On Collaborative Filtering



Categories: Uncategorized

A recent set of technologies have been devised to help websites learn

about their users and take intelligent actions accordingly. These

technologies, called “recommendation engines” or “collaborative

filtering,” examine a user’s past viewing habits and compare them with

other users who have similar interests. If your interests were found

to parallel another group of users, then the system could start making

suggestions: suppose you normally never listened to any country music,

but you liked bands X, Y, and Z, a whole lot. Now if a whole bunch of

other people who don’t normally like country and also like X, Y, and Z

suddenly all are listening to (and loving) this one country band, the

system might suggest it to you and be relatively confident that you’ll

like it.

This technology is neither brand new or obscure: Amazon.com uses it

extensively on their website to recommend books to buyers. Indeed,

Firefly applied recommendation engine technology to CD purchases on

the web many years ago. Unfortunately for them, they took too long to

license out their technology (they wanted to be the only people on the

‘Net with that technology) and were subsequently steamrolled over as

companies like Net Perceptions came to market swiftly with

sophisticated engines. Microsoft quietly picked Firefly off with what

was rumored to be a humiliatingly cheap acquisition.

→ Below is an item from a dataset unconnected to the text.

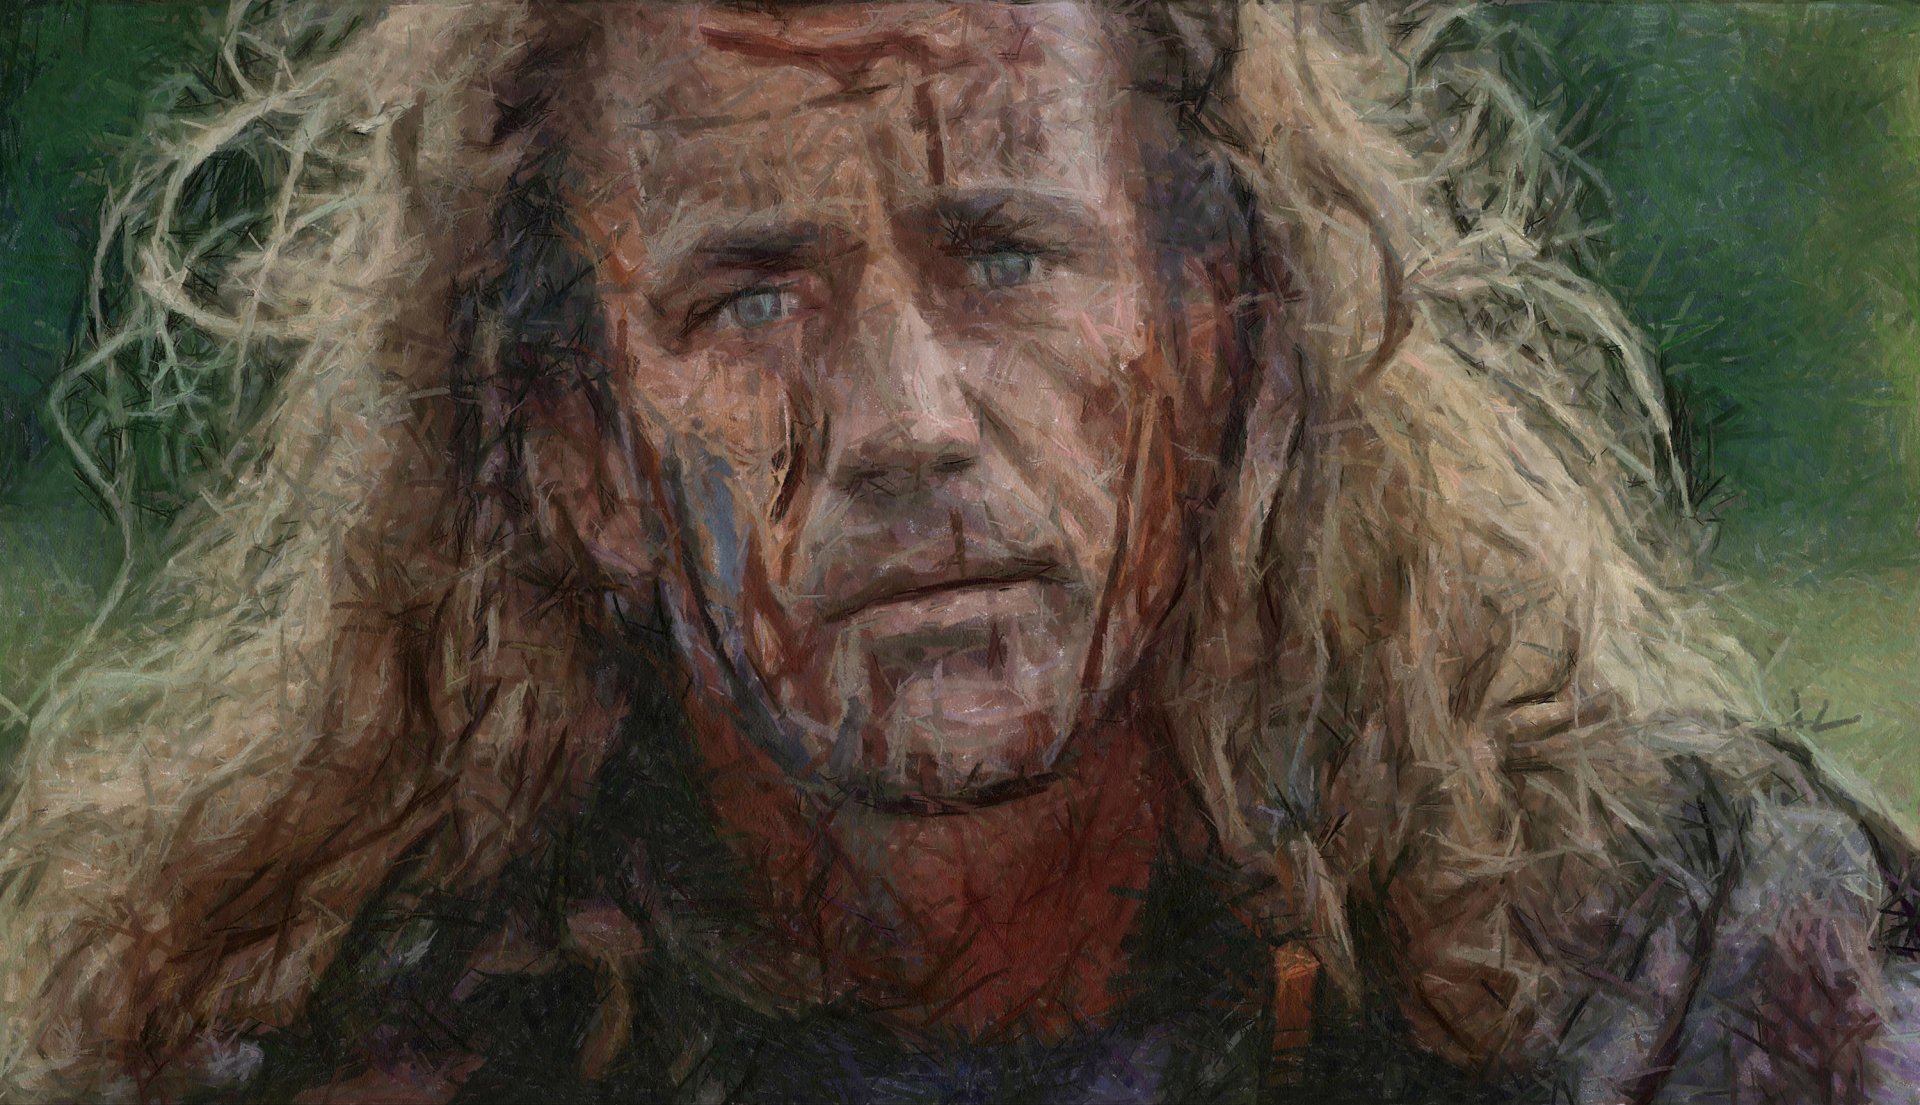 free download hollywood movie braveheart

But the fact that no online digital music providers have yet to openly

embrace this technology seems surprising to me: this technology is

absolutely key to the success of online audio. Why? Because new

publishing and distribution infrastructures will make it very easy for

artists to publish profusely on the web. Like the 500-channel

television, the diversity of content is appreciated, but the sheer

quantity of music on the Net could prove so overwhelming as to

discourage listeners (and potential buyers) from seeking out the music

they would enjoy. Techie geeks refer to this as “the signal-to-noise

ratio problem:” if you only hear one band you like (signal) for every

twenty you don’t (noise), you won’t want to spend your time poking

around for that one band.

The record industry had a fairly effective technique for increasing

the signal-to-noise ratio for music: the original point of those

practicing A&R, or “Artists and Repertoire,” at record labels was to

seek out the good bands that the majority of the population would

enjoy. But the Internet offers us what no A&R man could – the

potential for individuals to have access to the bands they love both

big and small, from all around the world. Recommendation engines make

this possible, and reduce the signal-to-noise ratio by presenting

music that, based on your prior listening tastes, you’re likely to


Ultimately, this obviates A&R: once somebody has heard a band that she

deems pleasant to listen to, it will be recommended to those of

similar taste – if they like it, it may get recommended to their

friends, etc. In this way, the popularity of music is decided on more

by the taste of the people than the marketing push of a major label. A

small folk artist in Oklahoma could become vastly popular in Northern

India; who knows? Everybody benefits from this technology: artists,

who get better exposure; consumers, who hear more music that they

enjoy; and sites, which have more satisfied customers than before.

To date, people have argued that online audio sites have not yet

adopted this technology because of a paucity of content: when there

are only 15 artists on a site, a recommendation engine is hardly

appropriate. But with the rising tide of acceptance of online

distribution, floods of artists have been flocking to centralized

music portals like eMusic, MP3.Com, and Audio Explosion. This newfound

influx has left the sites unable to provide tasteful experiences for

their users, leaving them instead awash in a flow of “exotic” (to

phrase it kindly) amateur music from around the world. They have

reached the size and maturity to move to collaborative filtering.

And move they must: the stakes are large in this brave new world and

the listeners plentiful. The winners will quickly adopt and manage

these new technologies, and those less nimble will be left wondering

why more people didn’t come listen to their 15,000 artists.